Original Data Adjustment: Except Hungarian dataset, all three datasets initially contained multi-class risk levels (1-4). These have been merged into a single binary class (1) to focus solely on the presence or absence of the disease.

Experiment Tracking (MLflow)

This project uses MLflow Tracking to log:

parameters (dataset, model type, hyperparameters)
metrics (accuracy, f1, precision, recall, AUROC, specificity)
artifacts (predictions, confusion matrix, explainability plots)
models (sklearn + XGBoost)

How to Run

Prerequisites

Python 3.8+
Jupyter Notebook or JupyterLab
Dataset is assumed to be placed in data/downloaded/ folder in the parent directory of this repo (this repo and data are in the same directory level).

Clone the repository:

git clone https://github.com/darshanz/ML-for-Cardiovascular-Disease-Diagnosis.git
ML-for-Cardiovascular-Disease-Diagnosis.git

Install dependencies:
```
pip install -r requirements.txt
```
Run Experiments:
1. Data Exploration and Missing Valie Imputation (Notebook)
2. Data Preparation for Training
3. Experiment scripts
To run all the experiments:
```
    cd src
    python main.py
```
Or Run using MLFlow:,
```
  mlflow run .
```

MLFlow UI

mlflow server --backend-store-uri sqlite:///cardiovascular.db --port 5000

Datasets Used

This project utilizes four well-known heart disease datasets, which were combined for comprehensive evaluation:

Dataset Name	Source Location	Total Rows	Target Class Balance (Approx.)	Notes
Cleveland	Cleveland Clinic Foundation	303	~54% Healthy / 46% Risk	Commonly used for benchmarking.
Hungarian	Hungarian Institute of Cardiology	294	~62% Healthy / 38% Risk	Contains a high number of missing values.
Switzerland	University Hospital, Zurich	123	~54% Healthy / 46% Risk	Smaller, unique patient group.
Long Beach	V.A. Medical Center, Long Beach	200	~62% Healthy / 38% Risk	Used to evaluate external validity.

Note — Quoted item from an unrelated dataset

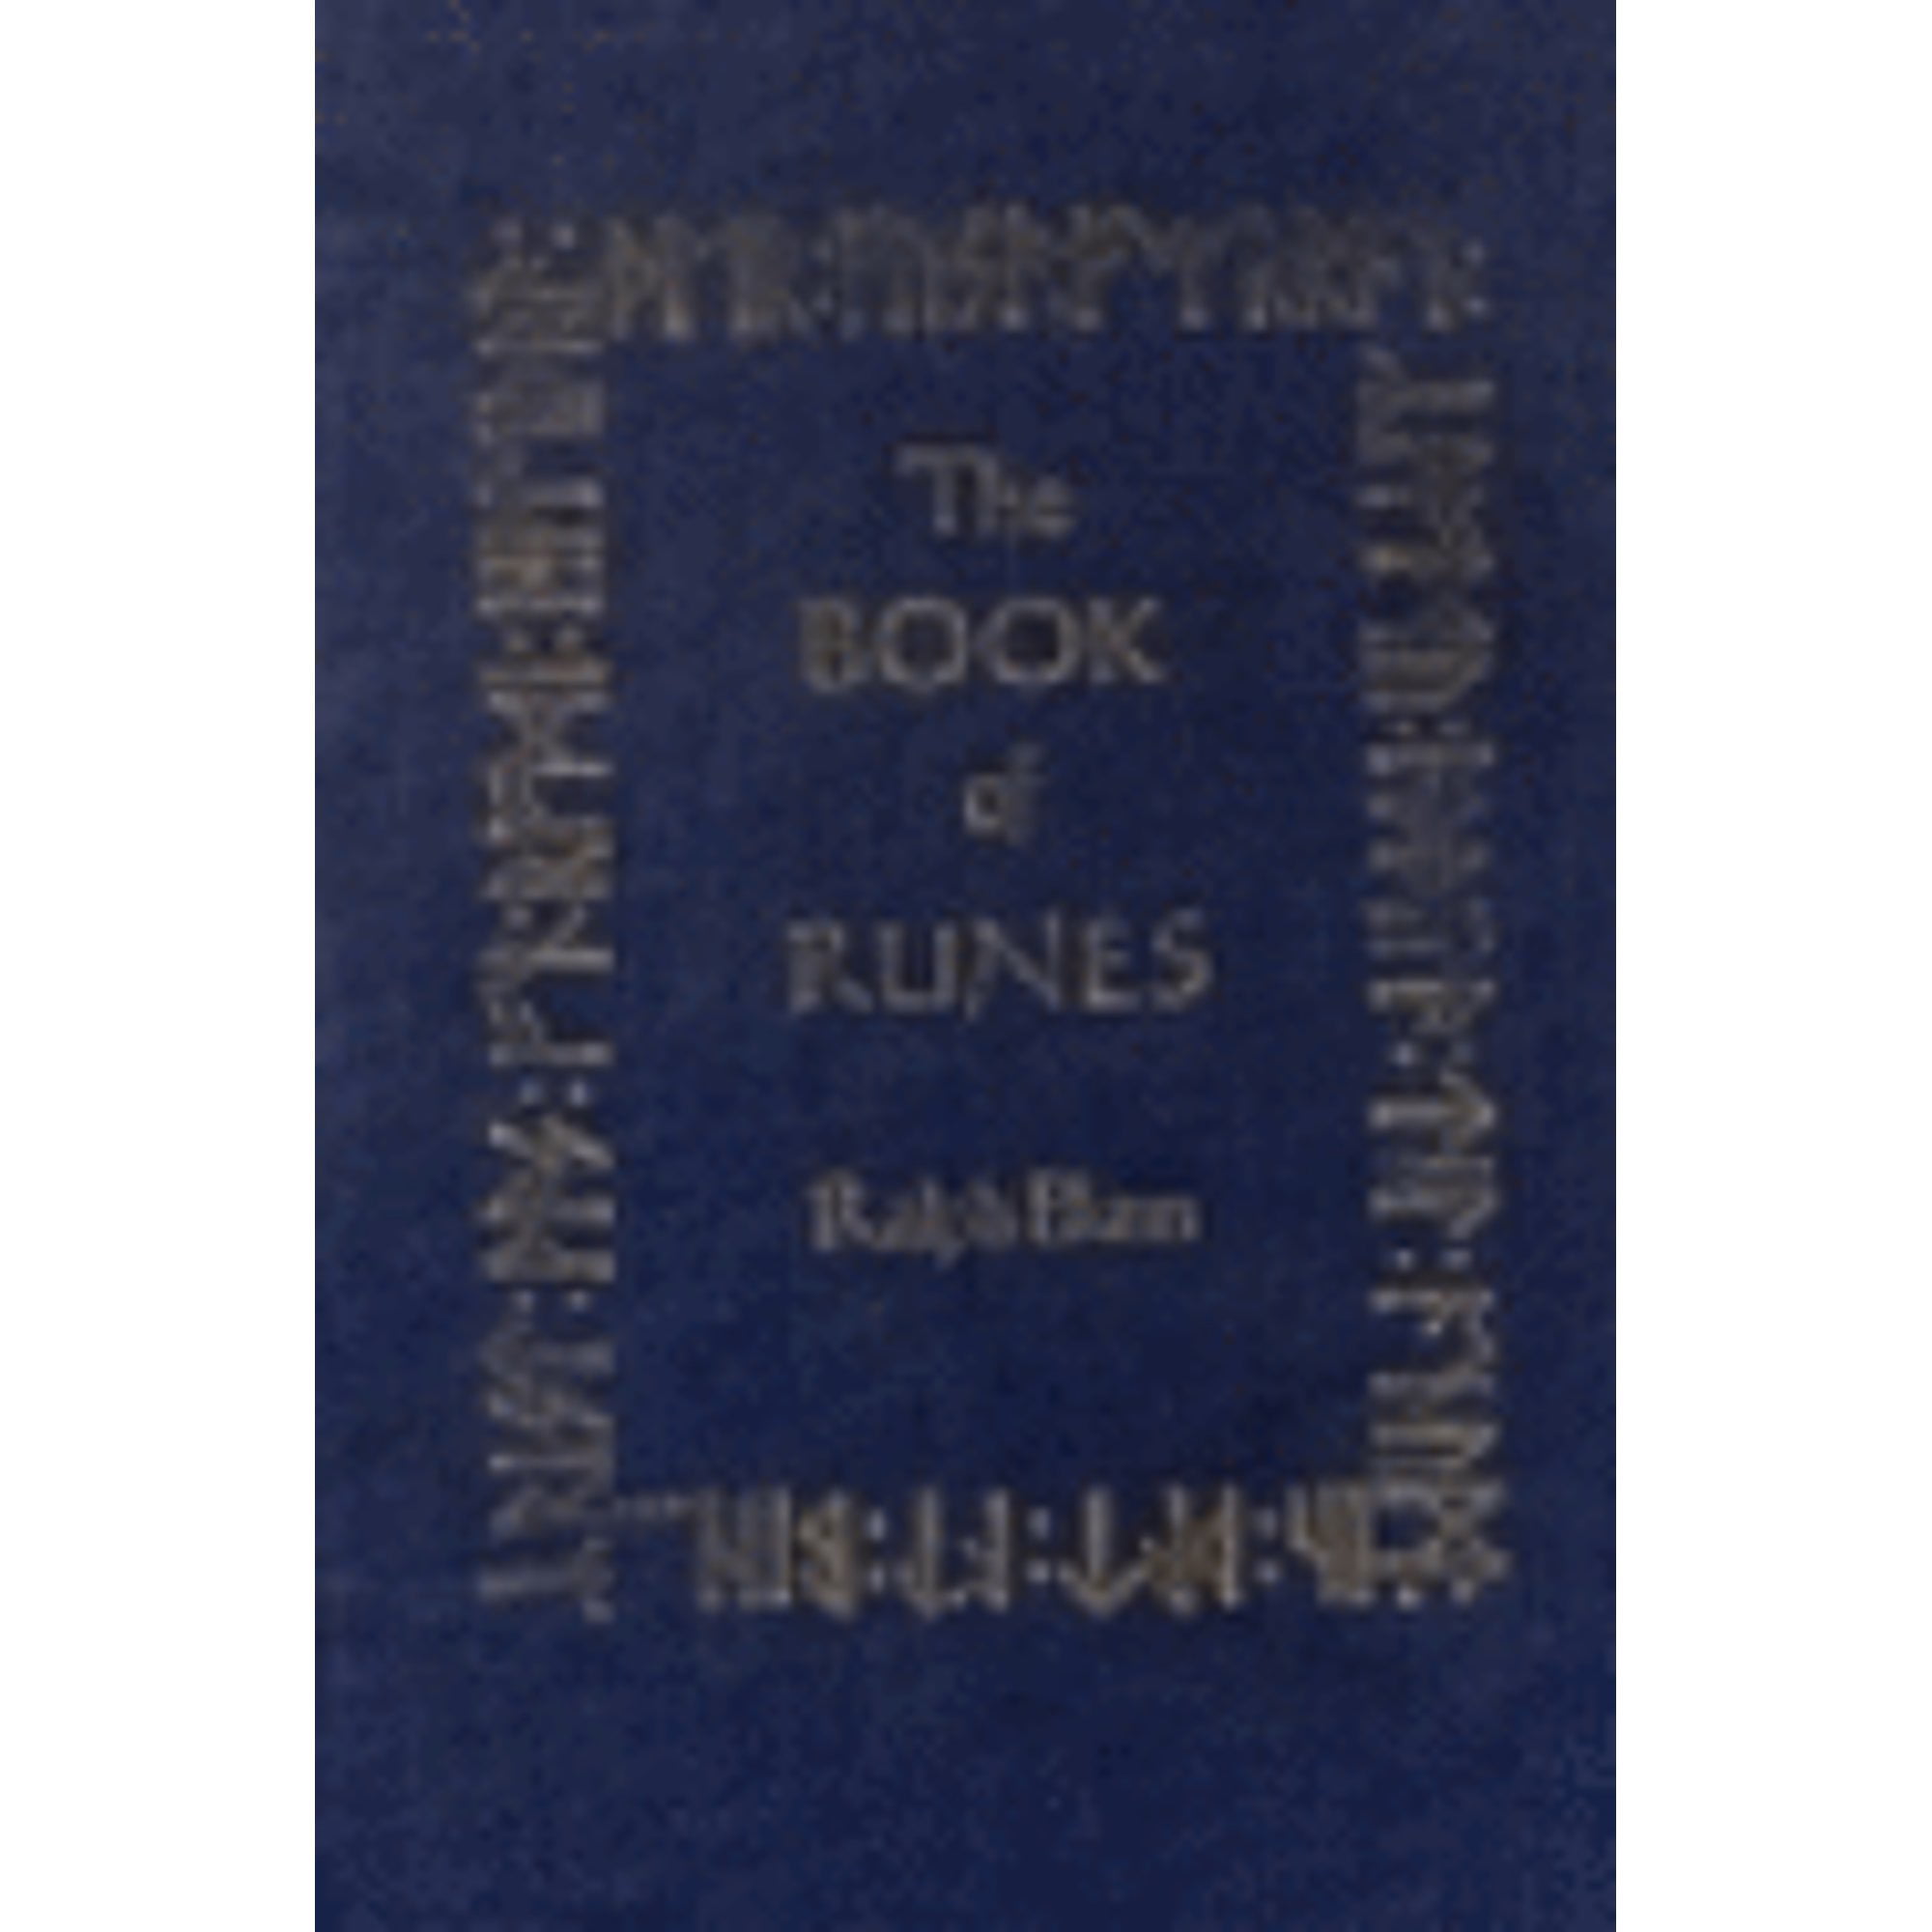 The Book of Runes: A Handbook for the Use of an Ancient Oracle - The Viking  Runes

Dataset downloaded from : https://archive.ics.uci.edu/dataset/45/heart%2Bdisease?

Data Source Information:

(a) Creators: -- 1. Hungarian Institute of Cardiology. Budapest: Andras Janosi, M.D. -- 2. University Hospital, Zurich, Switzerland: William Steinbrunn, M.D. -- 3. University Hospital, Basel, Switzerland: Matthias Pfisterer, M.D. -- 4. V.A. Medical Center, Long Beach and Cleveland Clinic Foundation: Robert Detrano, M.D., Ph.D.
(b) Donor: David W. Aha (aha@ics.uci.edu) (714) 856-8779
(c) Date: July, 1988

Methodology and Key Steps

1. Data Preprocessing & Cleaning

Data Cleaning

The data was available in both raw and processed form with 13 features which were common in all 4 datasets, we used the 13-feature processed version of the dataset.

Attribute Information

Index	Feature Name	Description	Value Interpretation
1	`age`	Age in years	-
2	`sex`	Sex	`1` = Male; `0` = Female
3	`cp`	Chest pain type	`1` = Typical angina, `2` = Atypical angina, `3` = Non-anginal pain, `4` = Asymptomatic
4	`trestbps`	Resting blood pressure (mm Hg on admission)	-
5	`chol`	Serum cholestoral (mg/dl)	-
6	`fbs`	Fasting blood sugar > 120 mg/dl	`1` = True; `0` = False
7	`restecg`	Resting electrocardiographic results	`0` = Normal, `1` = ST-T wave abnormality, `2` = Probable or definite left ventricular hypertrophy
8	`thalach`	Maximum heart rate achieved	-
9	`exang`	Exercise induced angina	`1` = Yes; `0` = No
10	`oldpeak`	ST depression induced by exercise relative to rest	-
11	`slope`	The slope of the peak exercise ST segment	`1` = Upsloping, `2` = Flat, `3` = Downsloping
12	`ca`	Number of major vessels (0-3) colored by flourosopy	-
13	`thal`	Thalassemia	`3` = Normal; `6` = Fixed defect; `7` = Reversable defect
14	`num` (Target)	Diagnosis of heart disease (Angiographic status)	`0` = < 50% diameter narrowing (No disease); `1` = > 50% diameter narrowing (Disease)

The raw data files, which lacked headers, were loaded and assigned clear, descriptive column names based on the UCI dataset dictionary.
The non-standard missing value placeholder (?) was converted to the standard NaN to ensure correct handling by pandas.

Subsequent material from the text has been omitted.